[SUPPLIED DATA]:
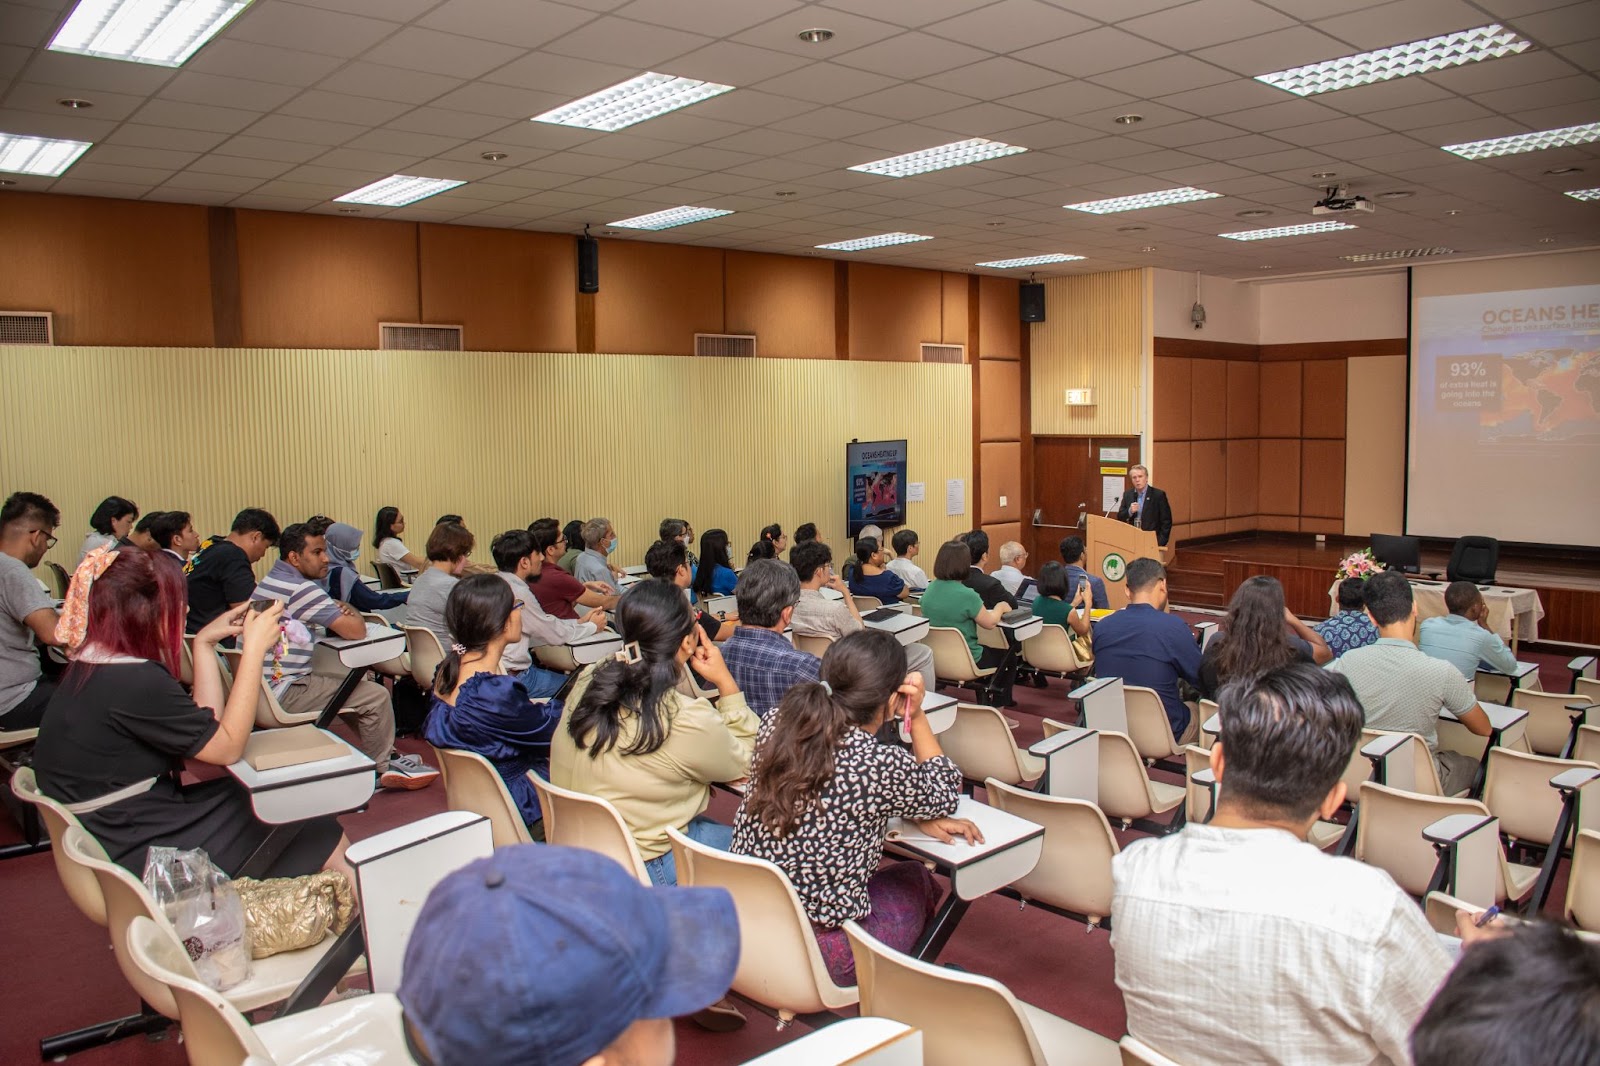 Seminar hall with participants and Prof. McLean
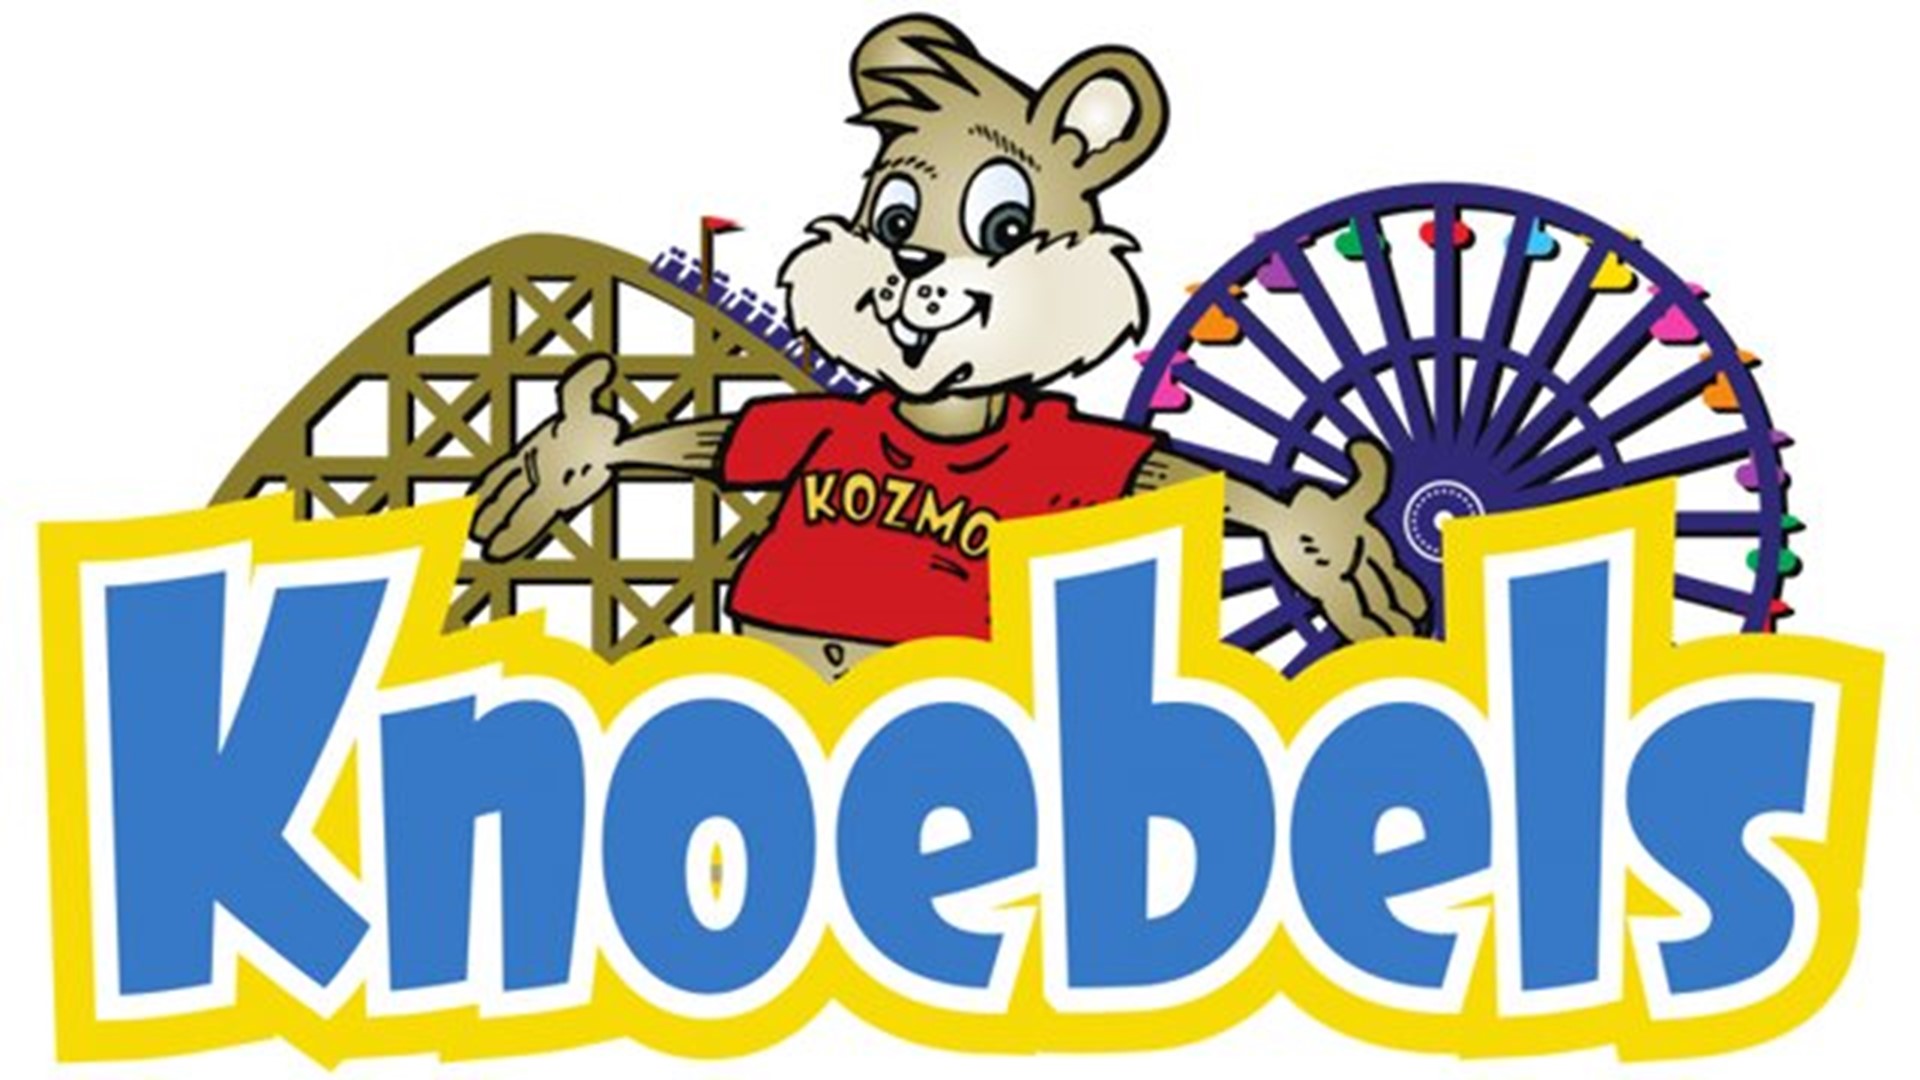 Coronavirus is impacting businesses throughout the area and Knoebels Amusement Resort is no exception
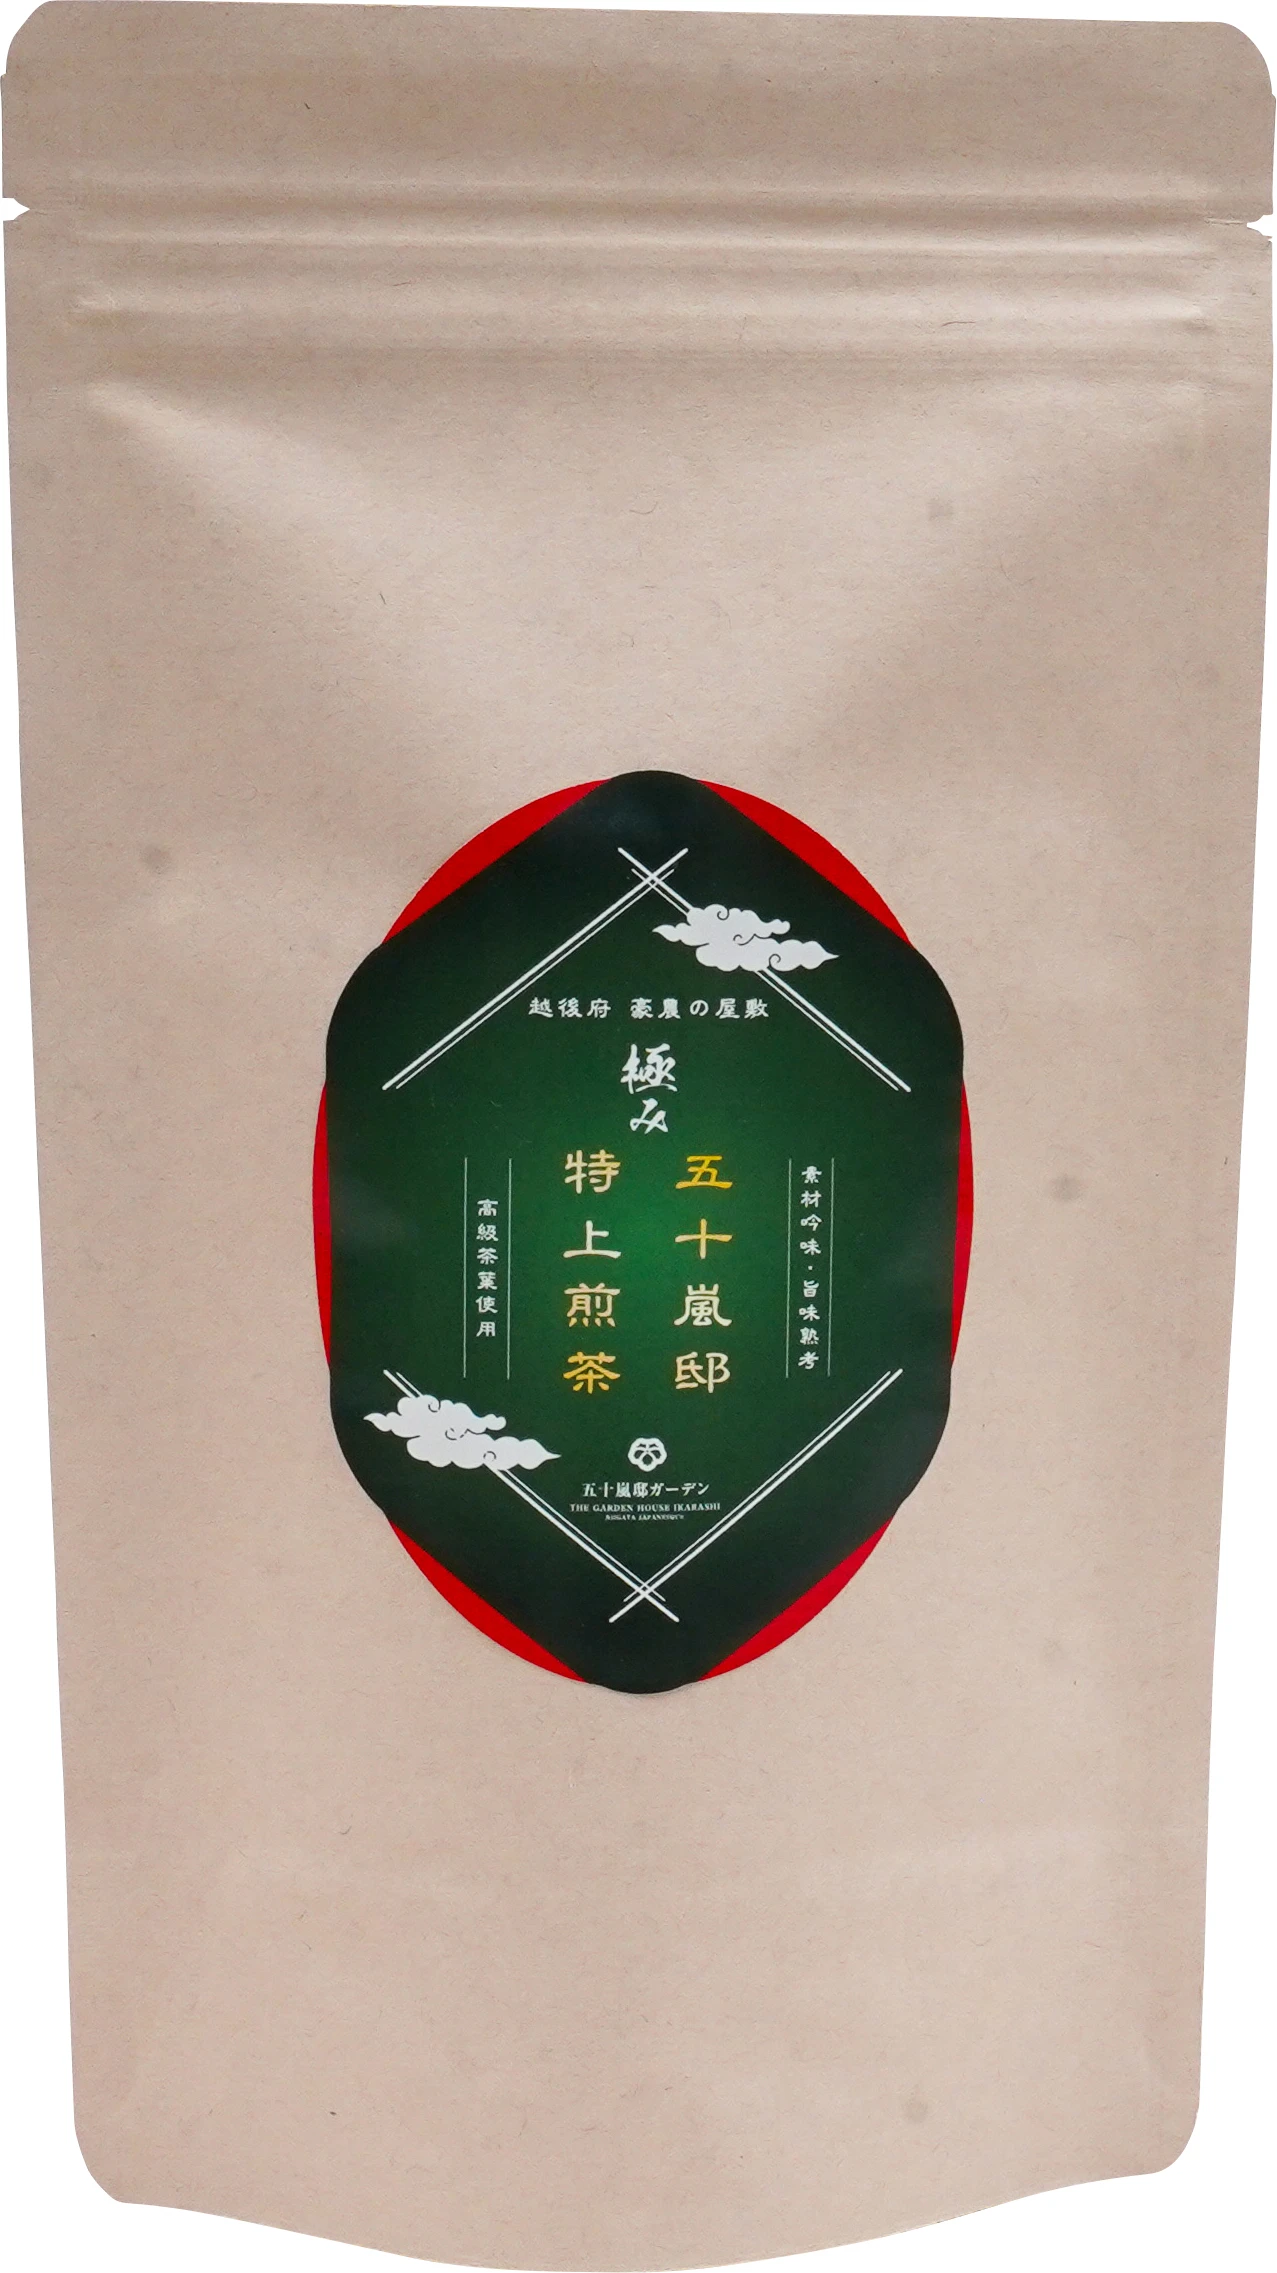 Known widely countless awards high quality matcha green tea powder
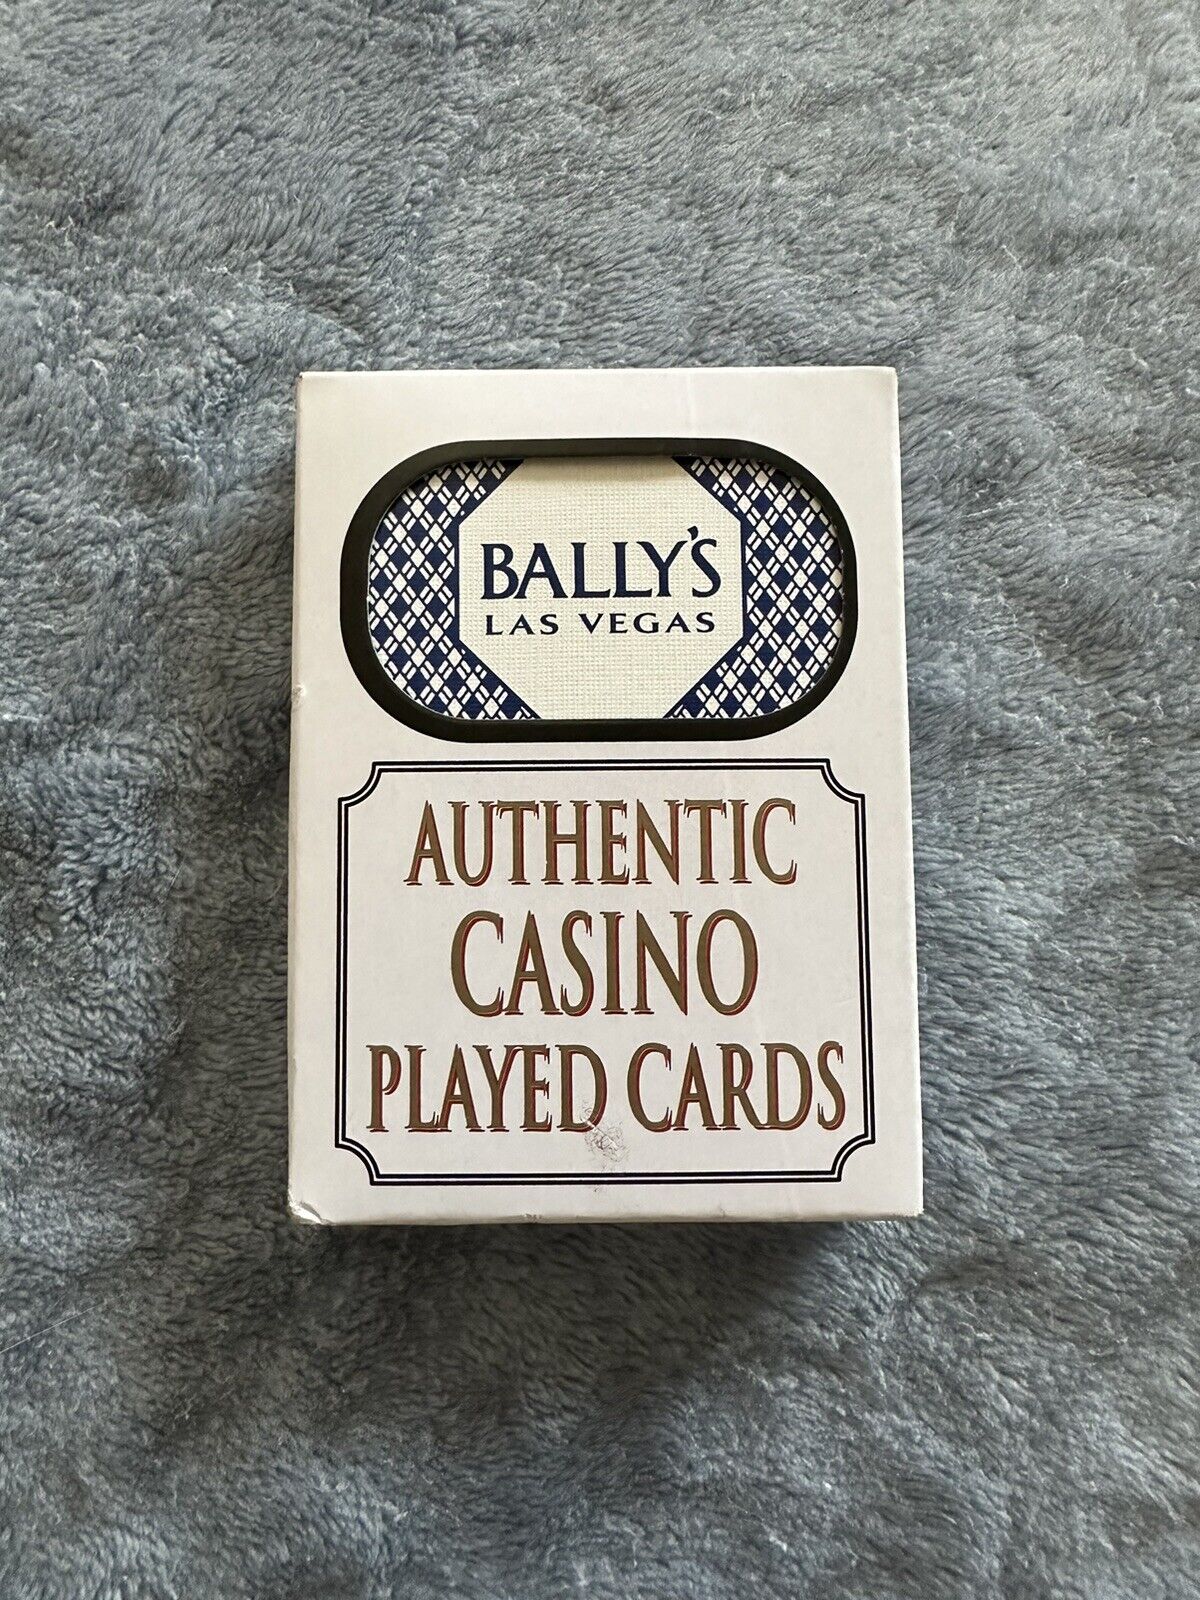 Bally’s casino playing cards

[TASK]: Could you copy each line above exactly as written, minus any pictures?

[WORKED SOLUTION]:
 Seminar hall with participants and Prof. McLean
 Coronavirus is impacting businesses throughout the area and Knoebels Amusement Resort is no exception
 Known widely countless awards high quality matcha green tea powder
 Bally’s casino playing cards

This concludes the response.